Oops, I Sampled it Again: Reinterpreting Confidence Intervals in Few-Shot Learning

Raphael Lafargue,Luke Smith,Franck Vermet,Mathias Löwe,Ian Reid,Vincent Gripon,Jack Valmadre
2024-09-06
Abstract:The predominant method for computing confidence intervals (CI) in few-shot learning (FSL) is based on sampling the tasks with replacement, i.e.\ allowing the same samples to appear in multiple tasks. This makes the CI misleading in that it takes into account the randomness of the sampler but not the data itself. To quantify the extent of this problem, we conduct a comparative analysis between CIs computed with and without replacement. These reveal a notable underestimation by the predominant method. This observation calls for a reevaluation of how we interpret confidence intervals and the resulting conclusions in FSL comparative studies. Our research demonstrates that the use of paired tests can partially address this issue.
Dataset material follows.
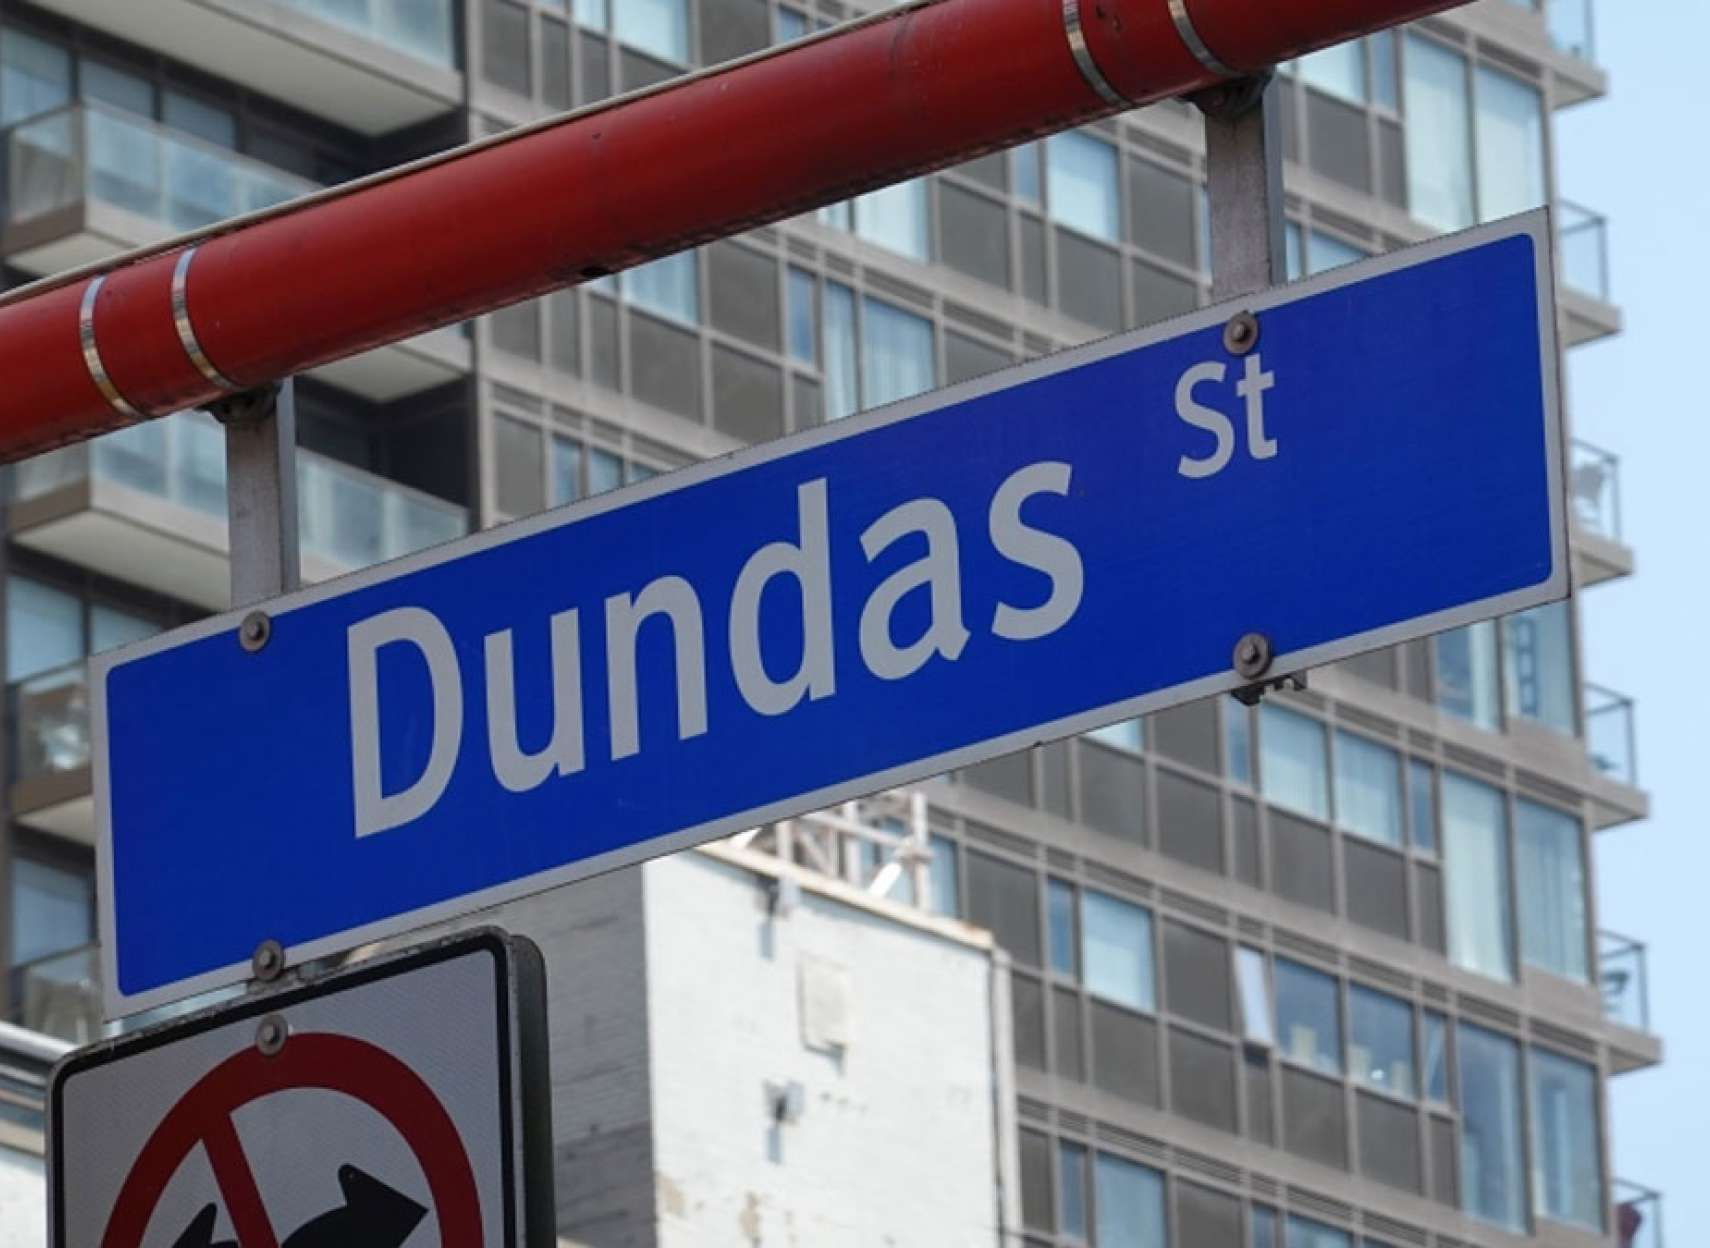 خبر-تورنتو-شورای-شهر-تورنتو-رای-به-تغییر-نام-خیابان-و-کل-اسامی-دانداس-داد

Additionally, we explore methods to further reduce the (size of the) CI by strategically sampling tasks of a specific size. We also introduce a new optimized benchmark, which can be accessed at <a class="link-external link-https" href="https://github.com/RafLaf/FSL-benchmark-again" rel="external noopener nofollow">this https URL</a>
Machine Learning,Artificial Intelligence
What problem does this paper attempt to address?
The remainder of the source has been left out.